What the task requires:
Leave out any picture and return the remaining listing below exactly as given.

Given material:
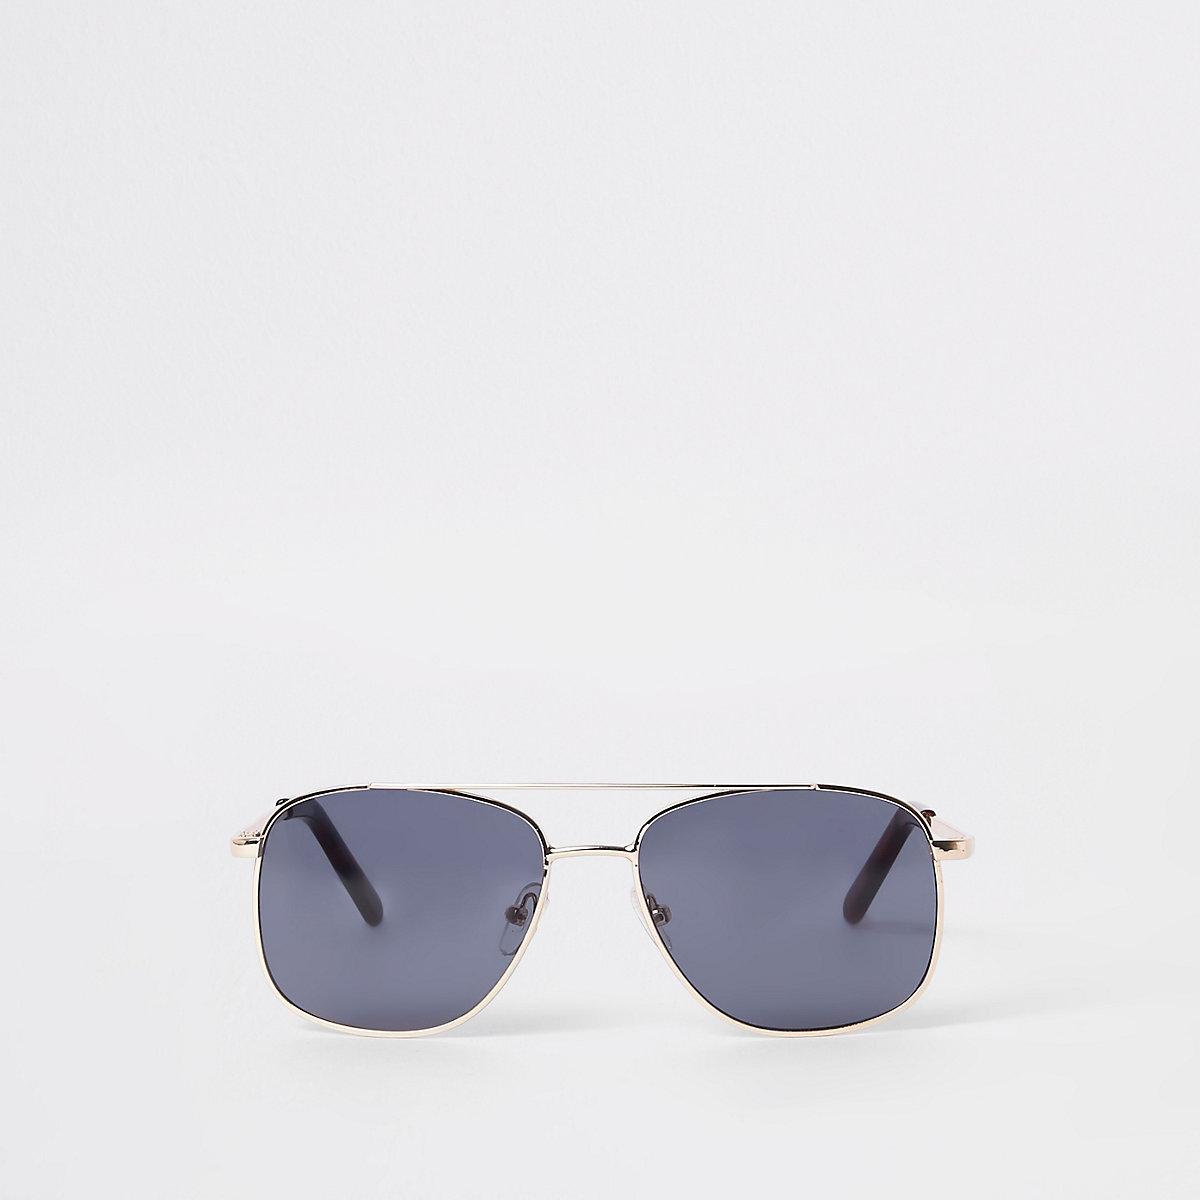 Boys gold tone round aviator sunglasses
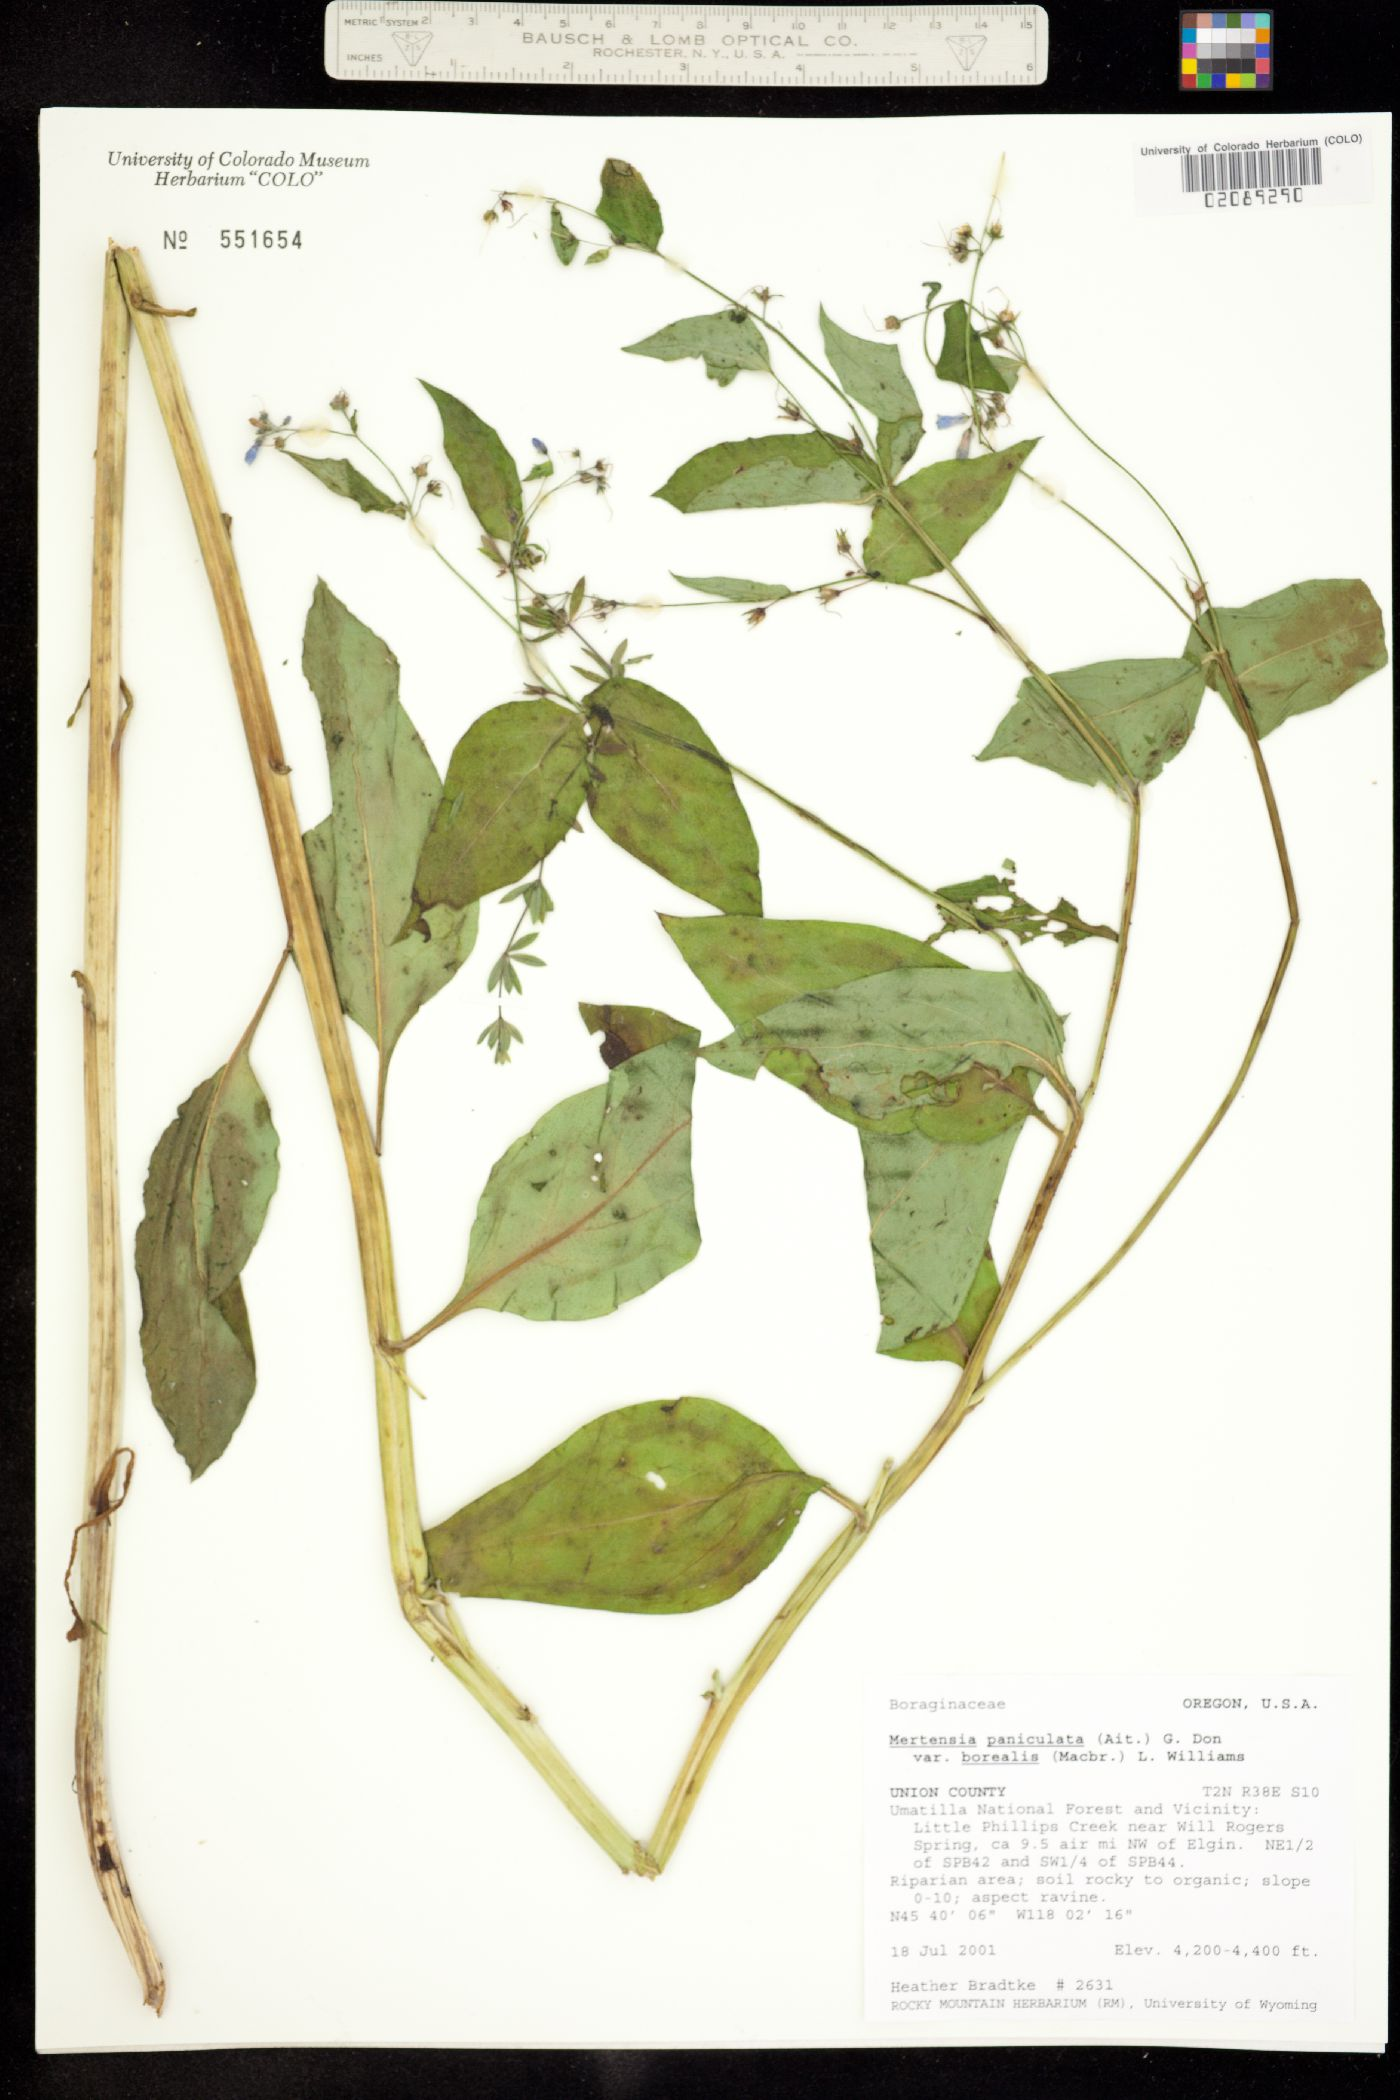 Mertensia paniculata var. borealis image
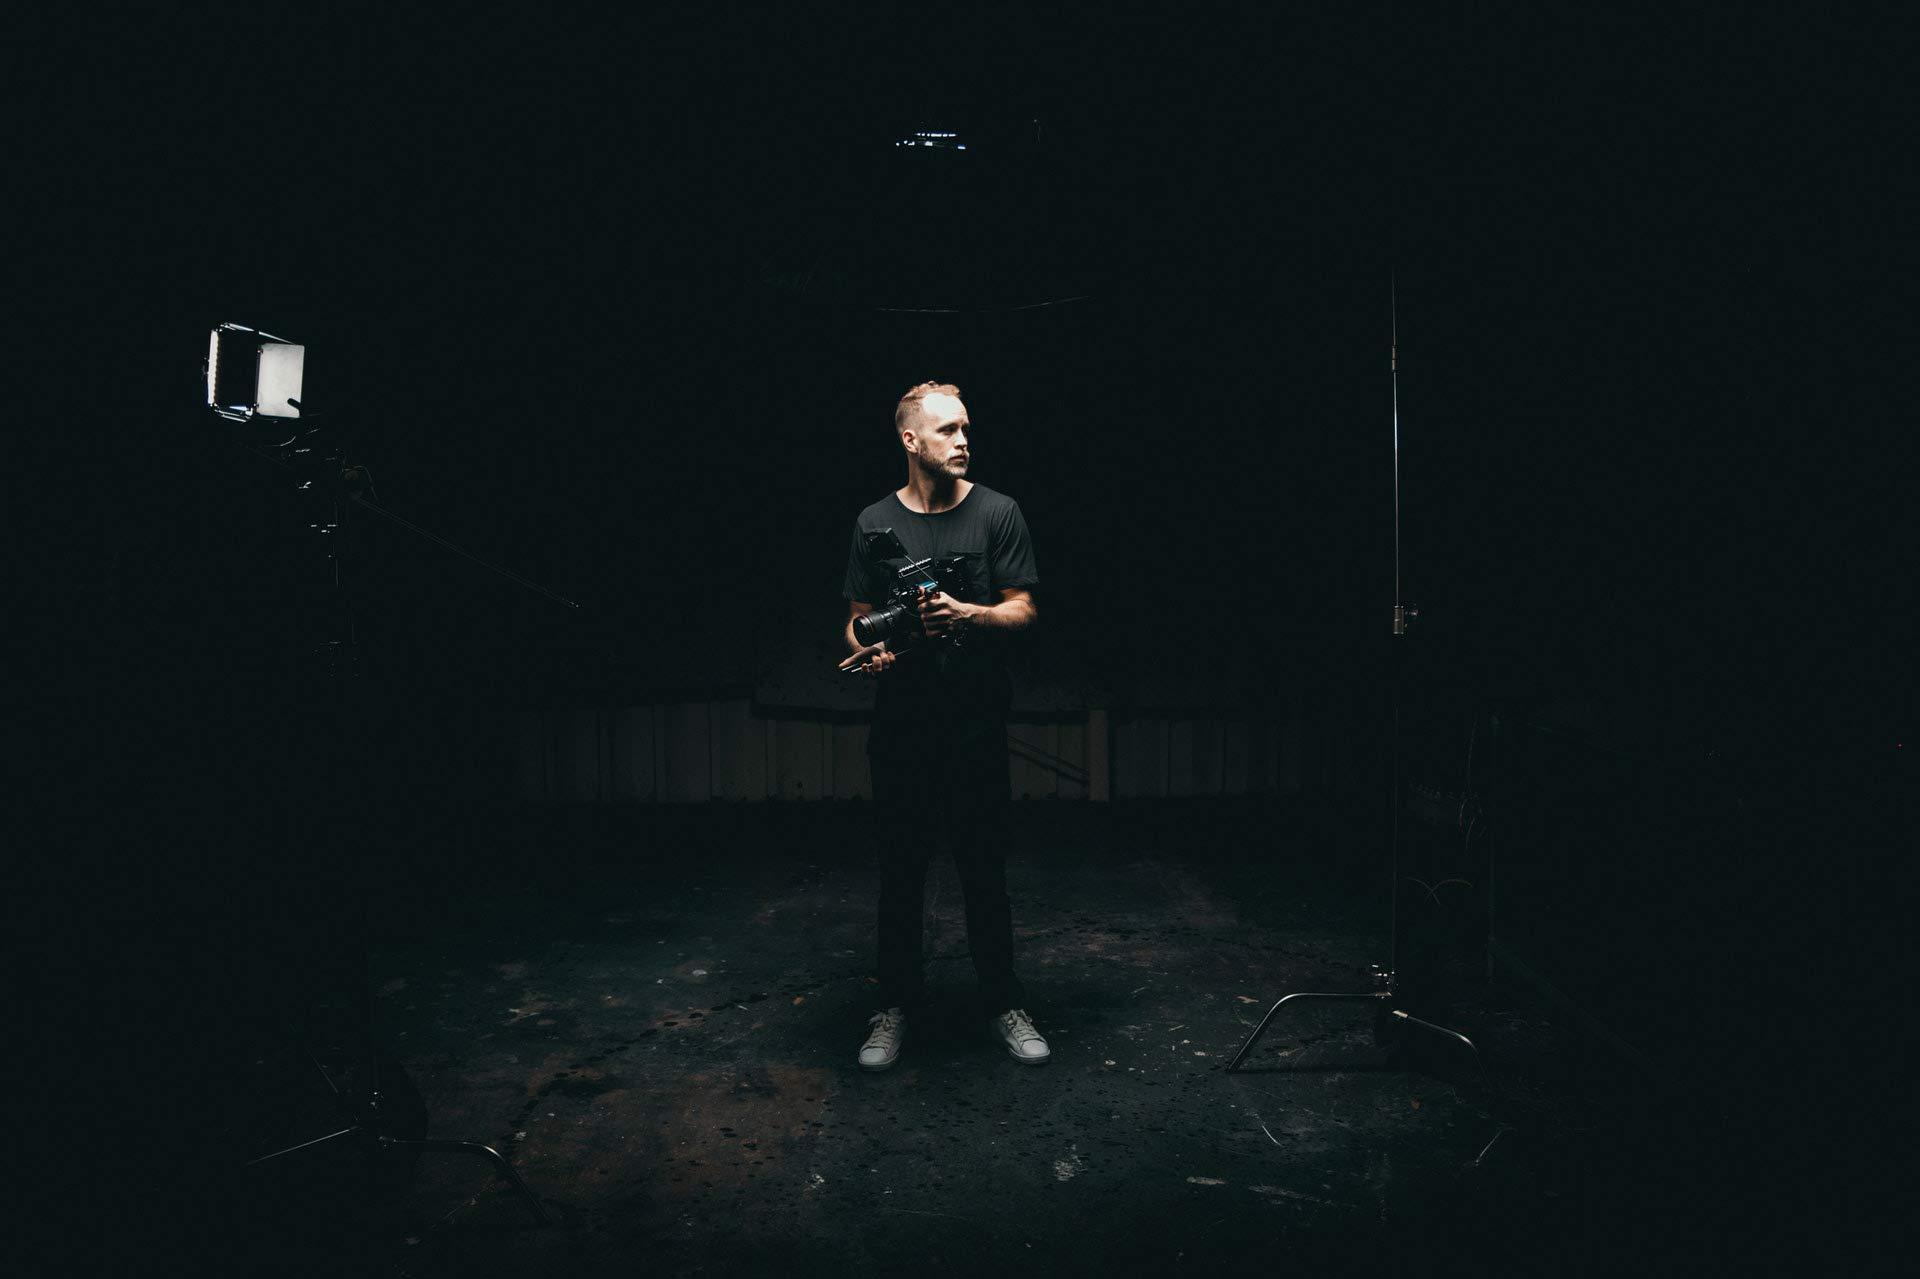 man-holding-videocamera-standing-in-studio-3379943

Response to the task:
 Boys gold tone round aviator sunglasses
 Mertensia paniculata var. borealis image
 man-holding-videocamera-standing-in-studio-3379943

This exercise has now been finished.